NIH Director Francis Collins has announced that NIH is proposing several steps to set us on a stronger, more stable path, and to assure that NIH is maximizing the impact of the public dollars we spend. We will continue our work in monitoring, on a trans-agency level, the number and characteristics of the researchers we support with the idea that by doing so we can broaden and diversify the enterprise. We will take additional efforts to identify funding for even more early stage investigators who submit meritorious applications. When necessary, we will encourage use of bridge funding to offer additional stability and chances for obtaining an award.
To improve opportunities for early established mid-career investigators, we will take special steps to identify meritorious applicants who are only one grant away from losing all funding.

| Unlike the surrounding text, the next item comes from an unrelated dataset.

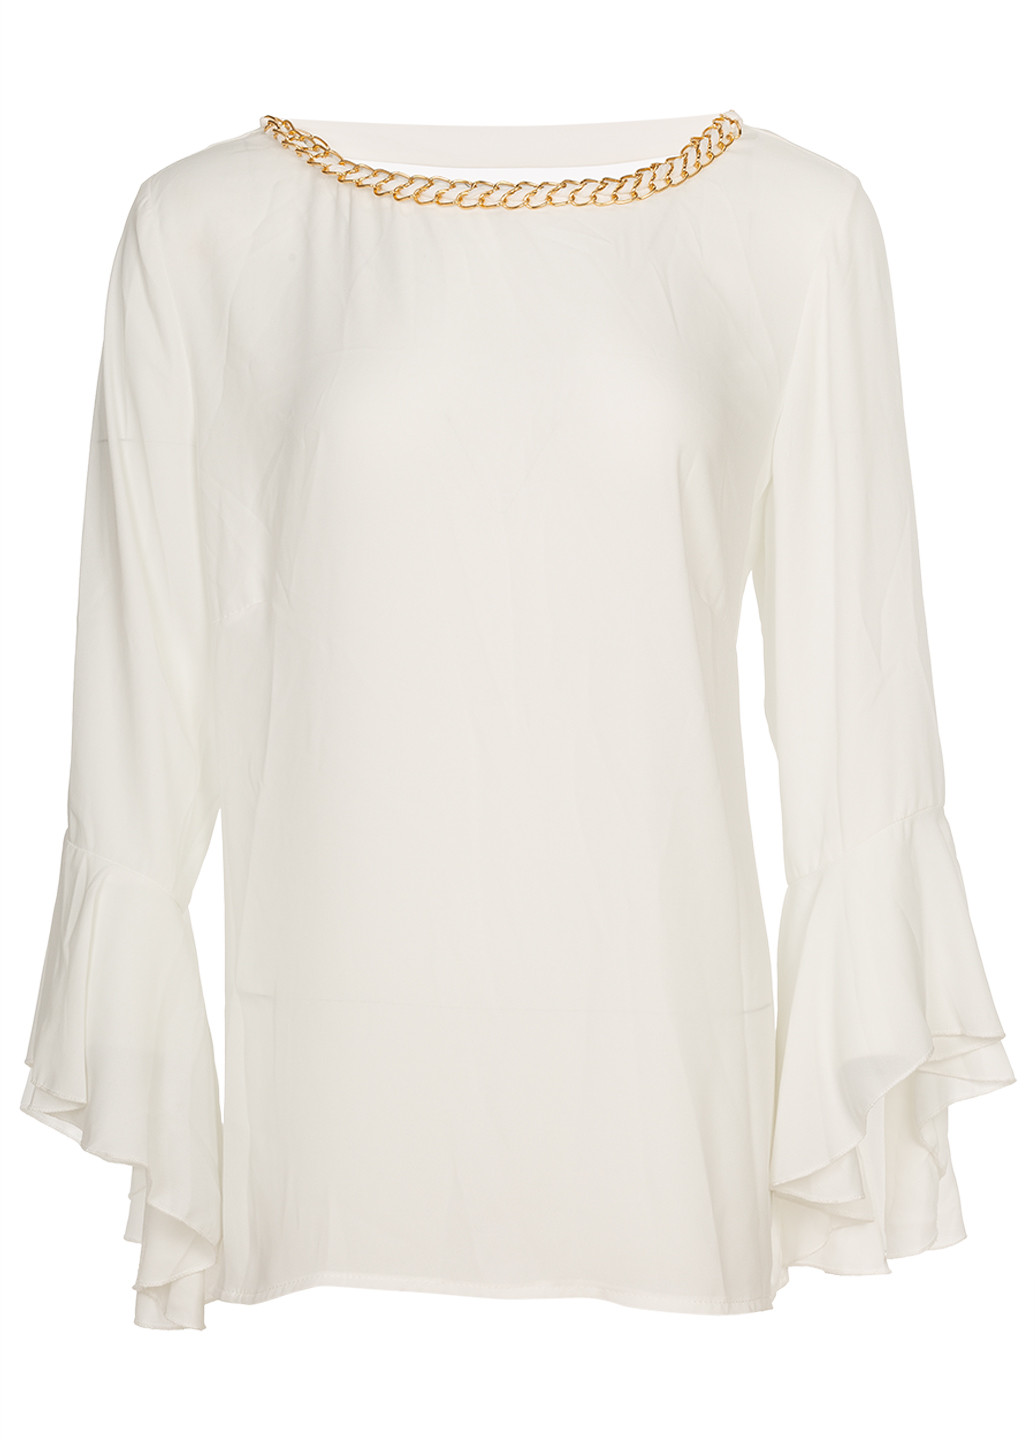 Біла літня шифонова жіноча блузка з довгими рукавами. Rinascimento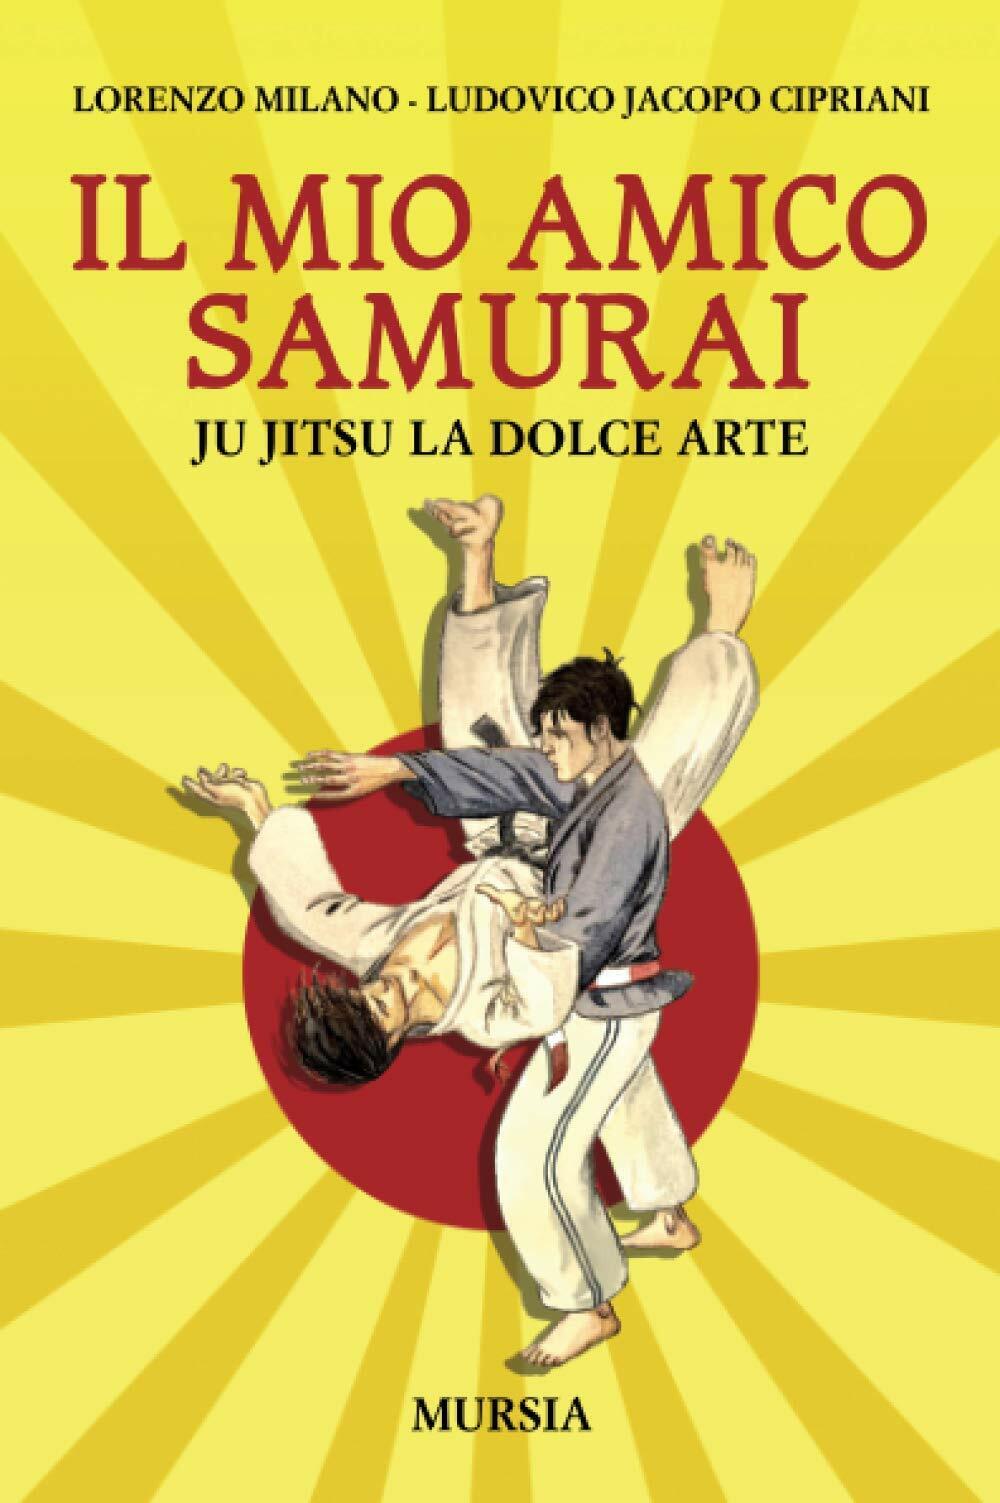 Il mio amico samurai: Ju Jitsu la dolce arte - Ugo Mursia Editore, 2021 libro usato

Prioritizing these applicants for funding consideration may alleviate the squeeze being felt by mid-career investigators.
And we will monitor, on a trans-agency basis, investigators’ Grant Support Index, with the idea that over time and in close consultation with the extramural research community, we will phase in a resetting of expectation for total support provided to any one investigator. We plan to implement a Grant Support Index cap of 21 points, essentially the equivalent of 3 single-PI R01 grants. Over the next few weeks to months, we will meet with NIH Advisory Councils and other stakeholder groups to explore how best to phase in and implement this cap – so that formal assessment of grant support can be used to best inform, on a trans-NIH basis, our funding decisions.
In our conversations over the next weeks and months, we will need to consider carefully a number of issues and details. How should the Grant Support Index be calibrated? Should we assign more or fewer points to certain grant mechanisms? What headline metrics should we follow? How will we know whether we achieving desired effects of funding more early career investigators and stabilizing their trajectories? How do we assure that we don’t inflict unintended harms on scientific progress, on the productivity of highly productive consortia, or on the stability of the research ecosystem? When would it be appropriate to allow exceptions to caps on individual researchers? How will decisions on exceptions be made? And what analogous steps should be taken with NIH’s Intramural Research Program?
We recognize the serious challenges and dangers that we face given increasing degrees of hypercompetition and scientific complexity. Yet, NIH is committed to assuring the robustness and stability of the next generation of investigators. We have a responsibility to the public to assure that we are optimizing the use of our limited resources to obtain the maximum impact possible. We look forward to working with you to figure how best we can use the tools available to us to “bend the curves,” including resetting expectation on support provided to any one research group. Finally, we will monitor and track data to assess progress, make corrections as needed, and mitigate unintended consequences.